The results of the review of the research into the use of video, computer feedback and comprehension tasks outside of a multimedia environment, demonstrate the positive effects of these individual media for L2 learning and comprehension. The results of the review of the research into different combinations of media show that positive effects have been found for certain combinations of media, especially subtitled video, and that multimedia applications appear to be positively received by learners. Moreover, multimedia software seems to have the potential to replicate some of the same conditions which are thought to promote language acquisition in natural learning contexts. In particular, from the studies reviewed, it seems that multimedia environments can fit in with the negotiated interaction model of SLA. According to this model, comprehensible input is essential for acquisition and it is the process of making non-comprehensible input comprehensible through interactional modifications (requests for clarifications, confirmation checks and comprehension checks) that promotes language acquisition.

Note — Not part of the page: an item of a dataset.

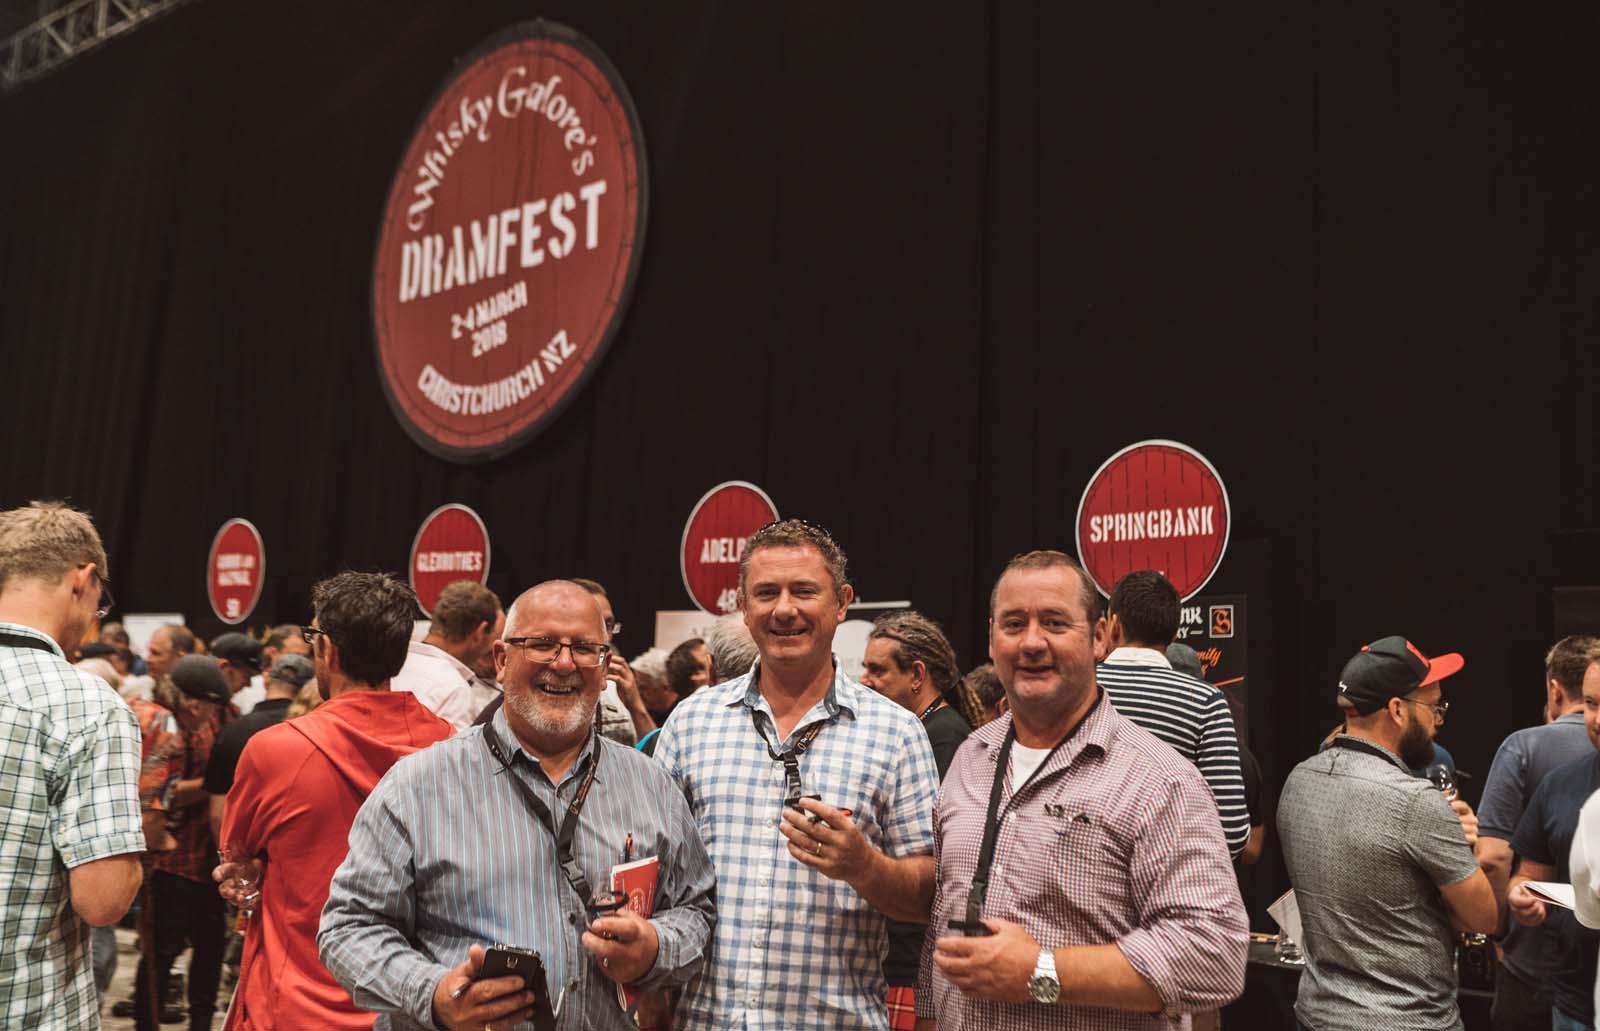 Dramfest 2018 for Whisky Galore-394.jpg

The implication of SLA theory for multimedia environments is that they should be designed in such a way as to allow learners to retrieve meaning from L2 input, which can be augmented through online dictionaries, subtitles or comprehension tasks with corrective feedback, in order to help learners to make non-comprehensible L2 input comprehensible. Furthermore, multimedia can allow the learner to control and determine their use of such features, thus personalizing the negotiation of meaning. To sum up, the interactional modifications initiated by the learner on the basis of input from the computer should produce similar psycholinguistic effects to those in the oral face-to-face linguistic exchanges in which they were first investigated (Chapelle, 1997: 27).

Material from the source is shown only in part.